Personal information
- Date of birth: February 6, 1982 (age 43)
- Place of birth: Knin, SR Croatia, SFR Yugoslavia
- Height: 1.92 m (6 ft 4 in)
- Position(s): Midfielder, forward

Senior career*
- Years: Team / Apps / (Gls)
- 2001–2002: Železničar Beograd
- 2003–2005: Hajduk Lemic
- 2006: Radnički Pirot
- 2006: Inđija
- 2007–2008: Zorya Luhansk / 6 / (0)
- 2008: Kaisar Kyzylorda / 12 / (2)
- 2009: Ordabasy Shymkent / 22 / (0)
- 2010: Zemun / 3 / (0)
- 2011: Kapaz / 10 / (0)
- 2012–2015: Waterloo / 74 / (10)
- 2014–2015: → Travnik (loan) / 3 / (0)
- 2015–2016: Bangkok
- 2016–2017: Balkan Mirijevo / 9 / (5)
- 2017–2019: Waterloo
- 2020–2024: Scarborough

= Vladimir Zelenbaba =

Serbian footballer (born 1982)

Vladimir Zelenbaba (Владимир Зеленбаба, /sh/; born February 6, 1982) is a Serbian retired footballer who played as a midfielder.

== Career ==

=== Serbia ===
Zelenbaba began his career in the Second League of FR Yugoslavia with FK Železničar Beograd. In 2003, he moved to league rivals FK Hajduk Beograd where the club won their division which secured promotion to the First League of Serbia and Montenegro. Following his stint with Hajduk, he signed with FK Radnički Pirot for the 2006 season. He would further resume his career in the second tier by signing with FK Inđija.

=== Ukraine ===
In 2007, he went abroad to play with Zorya Luhansk in the 2006–07 Ukrainian Premier League. He made his debut for the club on March 11, 2007, against Karpaty Lviv. Throughout his debut season in Luhansk, he appeared in six matches. In the winter of 2007, he was placed on the transfer list. Before he departed from the club, he made an appearance in the 2007–08 Ukrainian Cup.

=== Central Asia ===
After his brief stint in Ukraine, he went to Kazakhstan to play for FC Kaisar in the Kazakhstan Premier League. He remained in the first division the following season by signing with rivals FC Ordabasy. Following his two-year stint in Central Asia, he returned to the Serbian second division to sign with FK Zemun in 2010. He would appear in 3 matches with Zemun. In 2011, he went to the southern Caucasus region to play for Kapaz PFK in the Azerbaijan Premier League. In total, he played in 10 matches and departed from the club after one season.

=== Waterloo ===
In 2012, he went overseas to North America to sign with SC Waterloo Region in the Canadian Soccer League. He re-signed with Waterloo for the 2013 season. He managed to reach the CSL Championship final with Waterloo, where they defeated Kingston FC, with Zelenbaba contributing two goals.

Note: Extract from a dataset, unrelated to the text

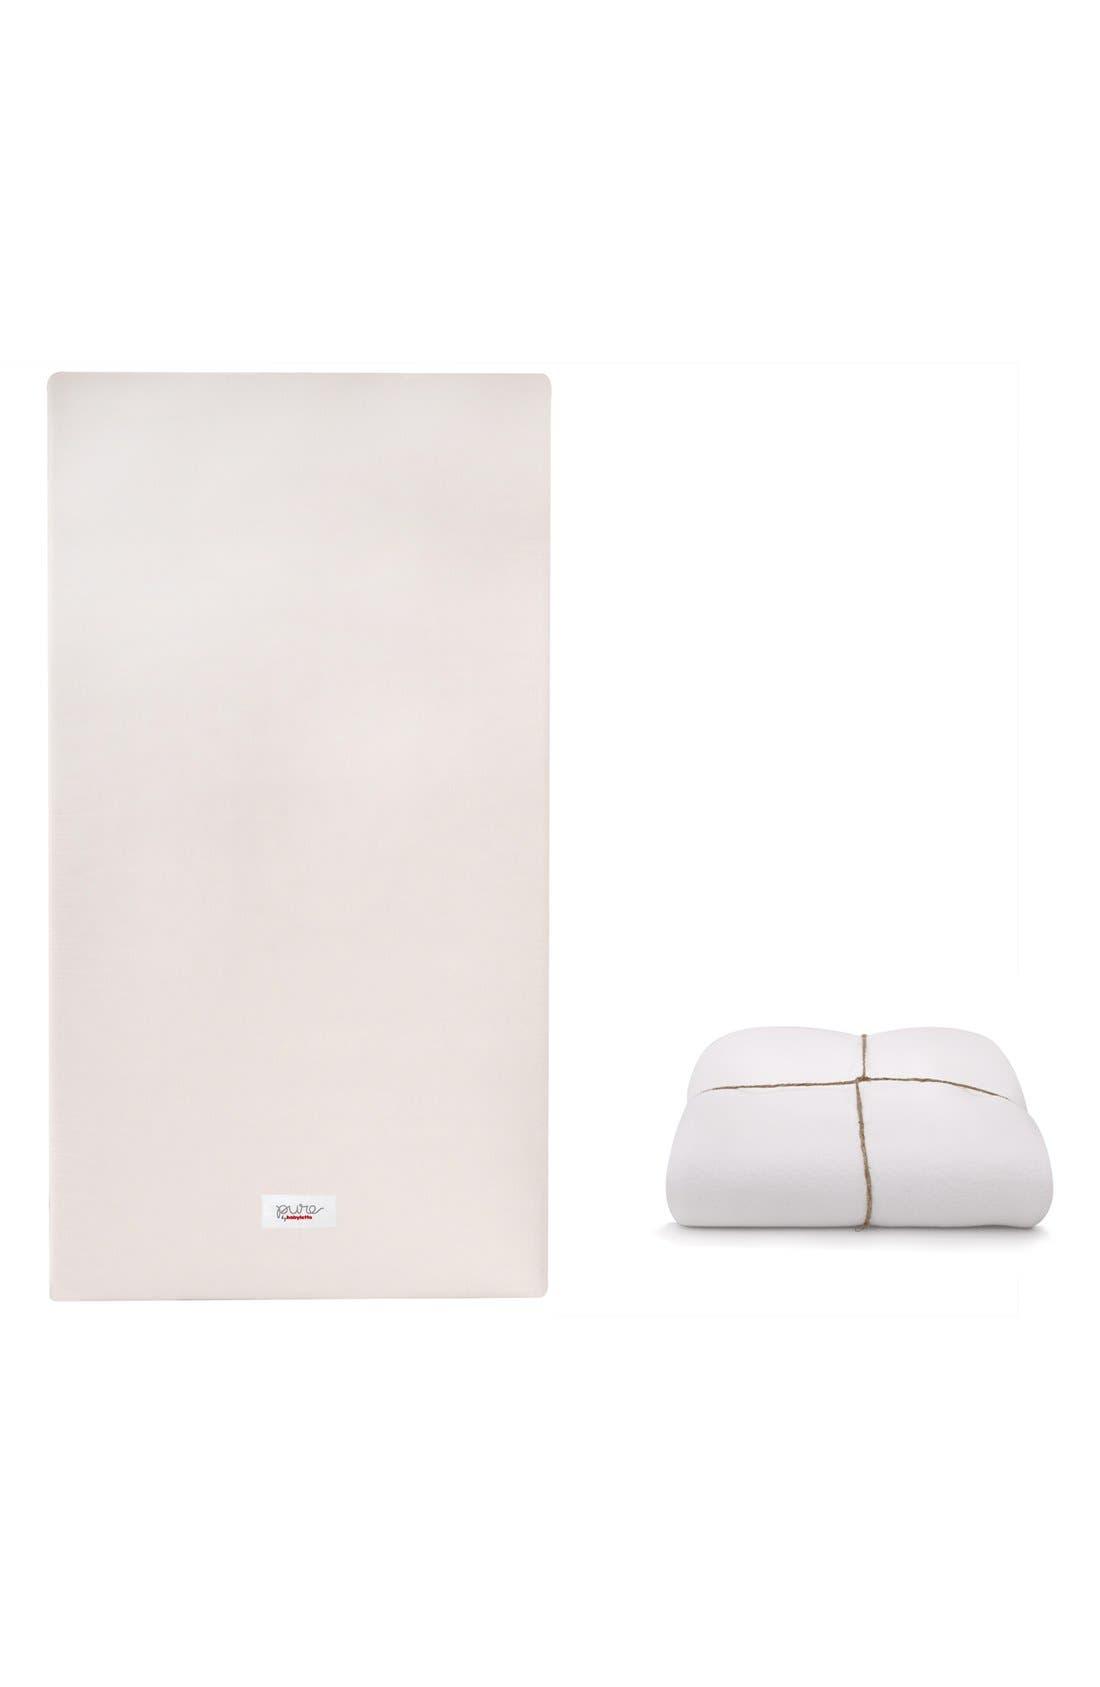 'Coco Core' Nontoxic Crib Mattress & Water Repellent SMART Cover,                         Main,                         color, 100

After the conclusion of the CSL season, he played the winter months in Europe with NK Travnik of the Premier League of Bosnia and Herzegovina. Throughout his stint with Travnik, he featured in 3 matches. He departed from Travnik after a single season to return to Waterloo. In 2015, he made his second championship final appearance, where Waterloo was defeated by Toronto Croatia.

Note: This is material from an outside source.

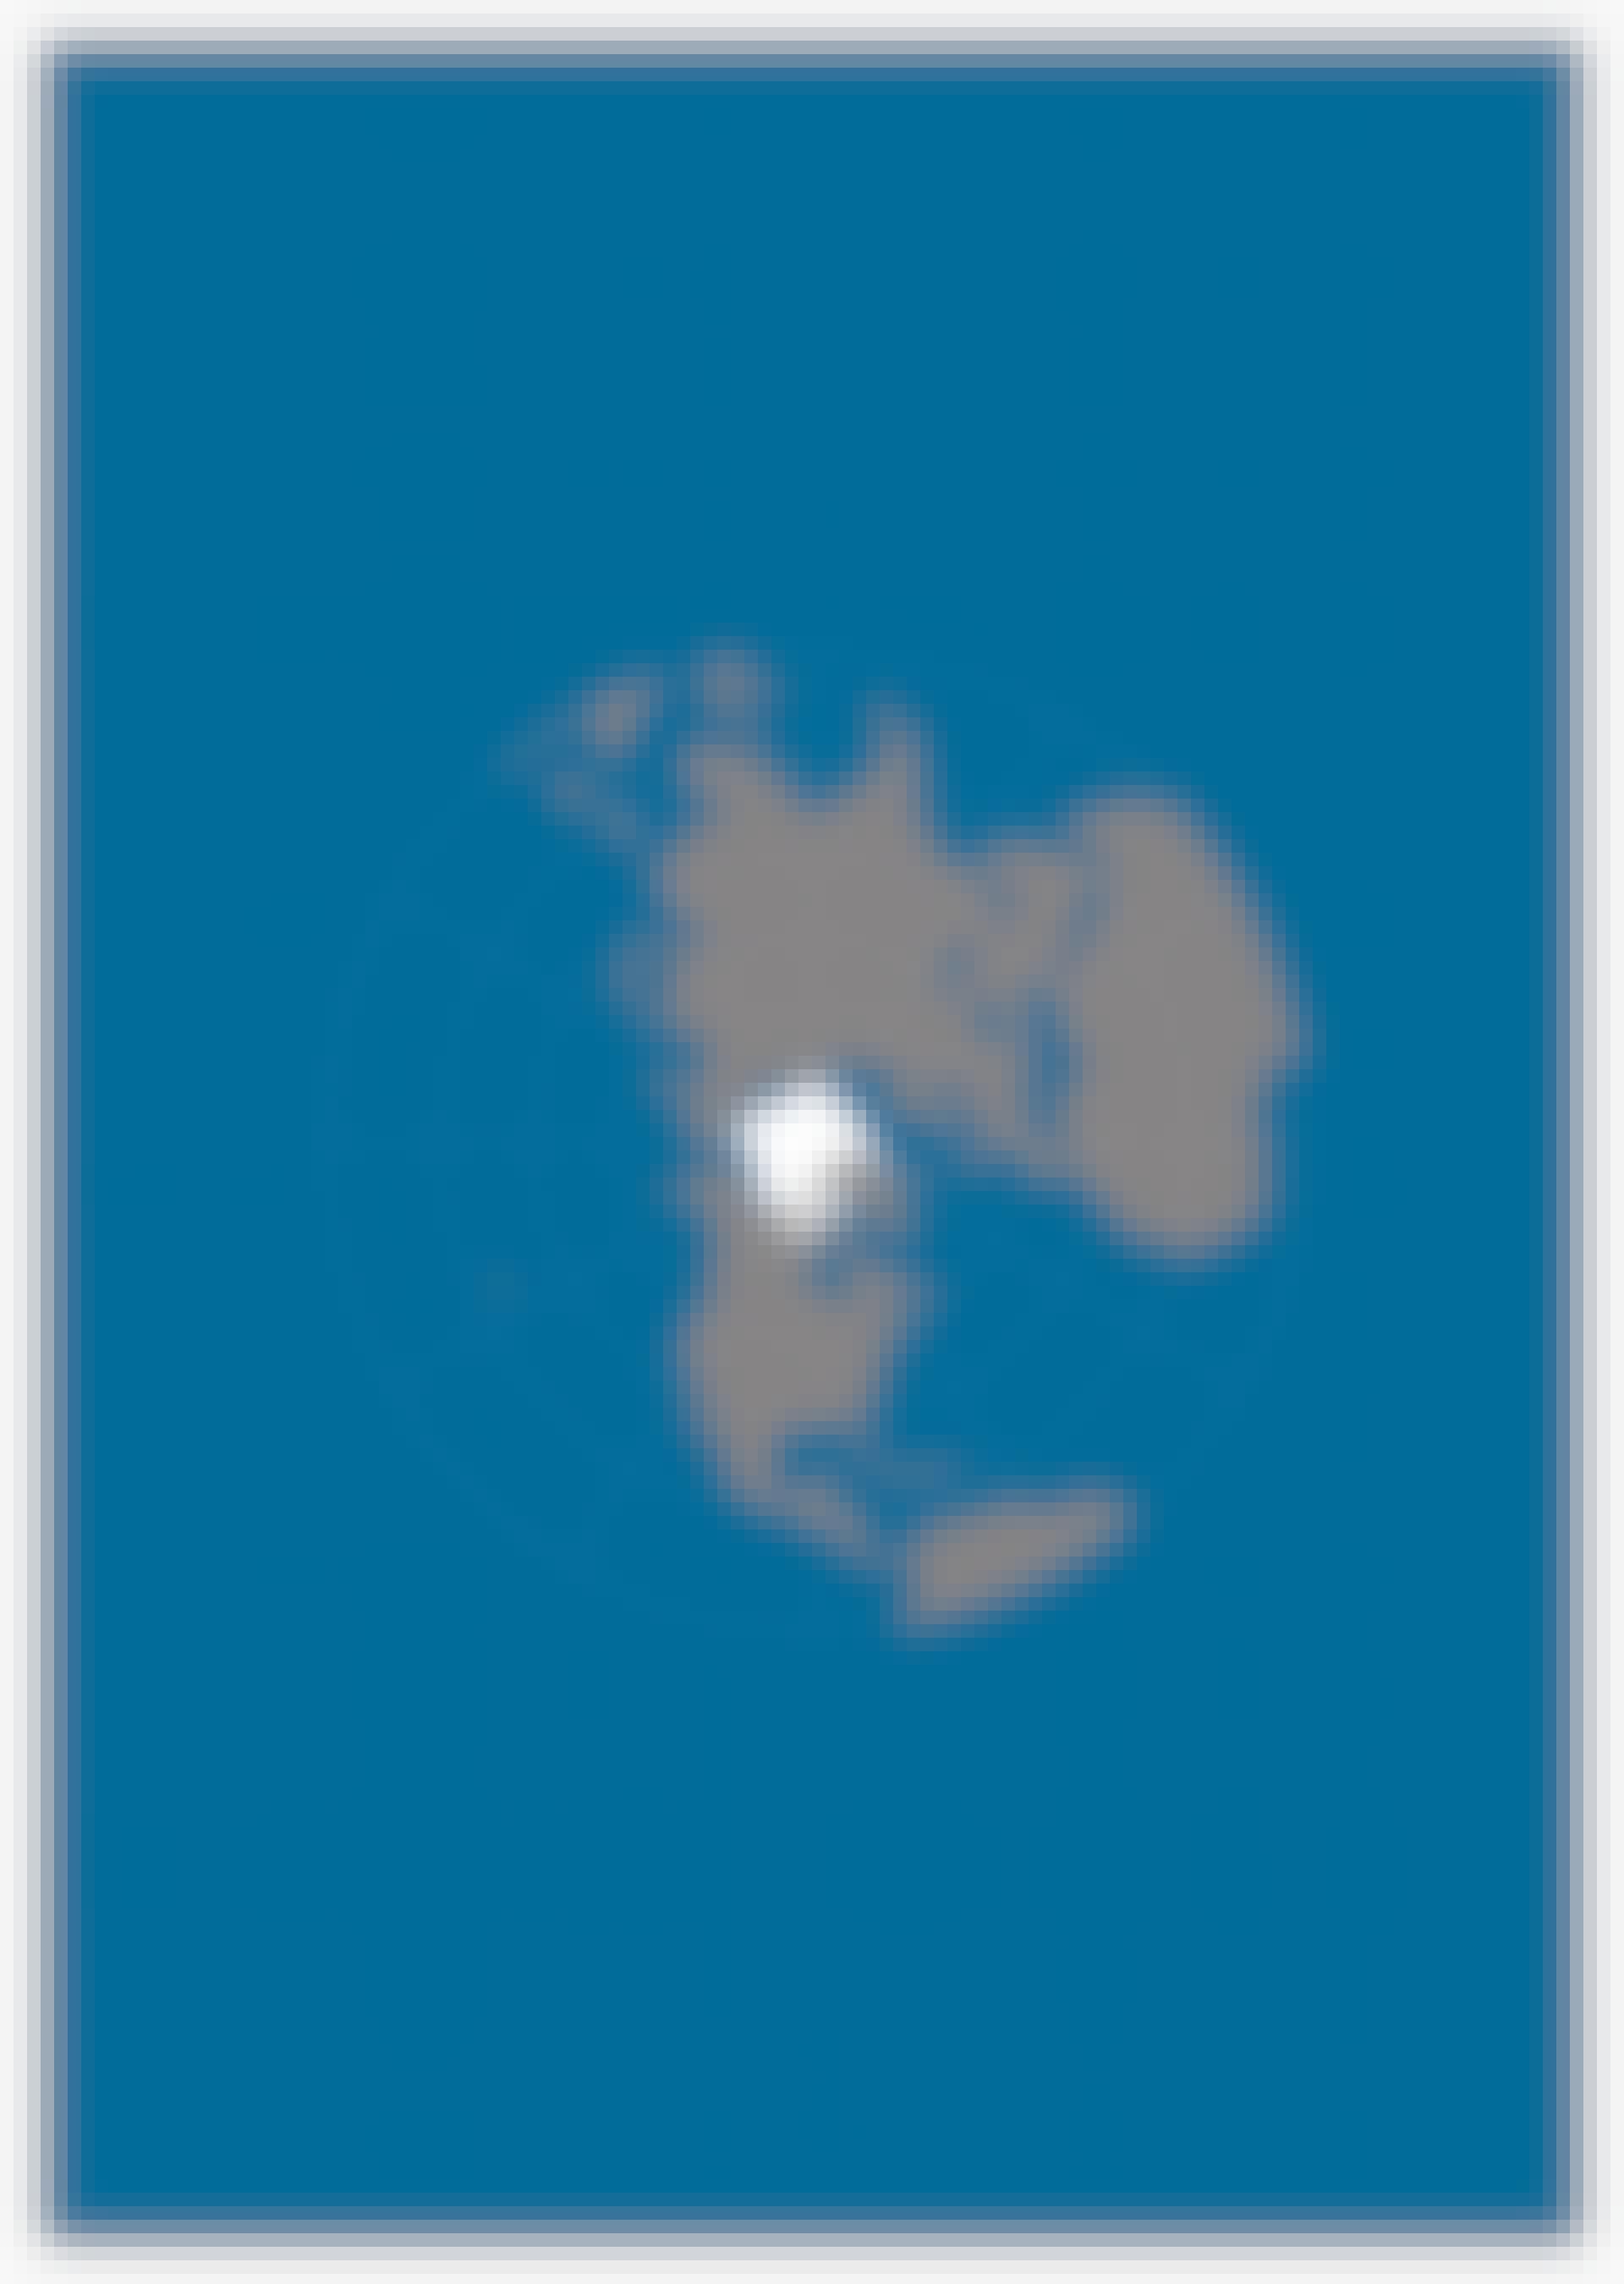 Karta över jordklotet med Arktis i centrum

Following a short absence from Waterloo, he returned for the 2017 season. He re-signed with Waterloo for the 2018 season and featured in the opening round of the playoffs, where he recorded a goal against the Serbian White Eagles, which advanced the club to the next round. The club was eliminated in the second round by FC Vorkuta.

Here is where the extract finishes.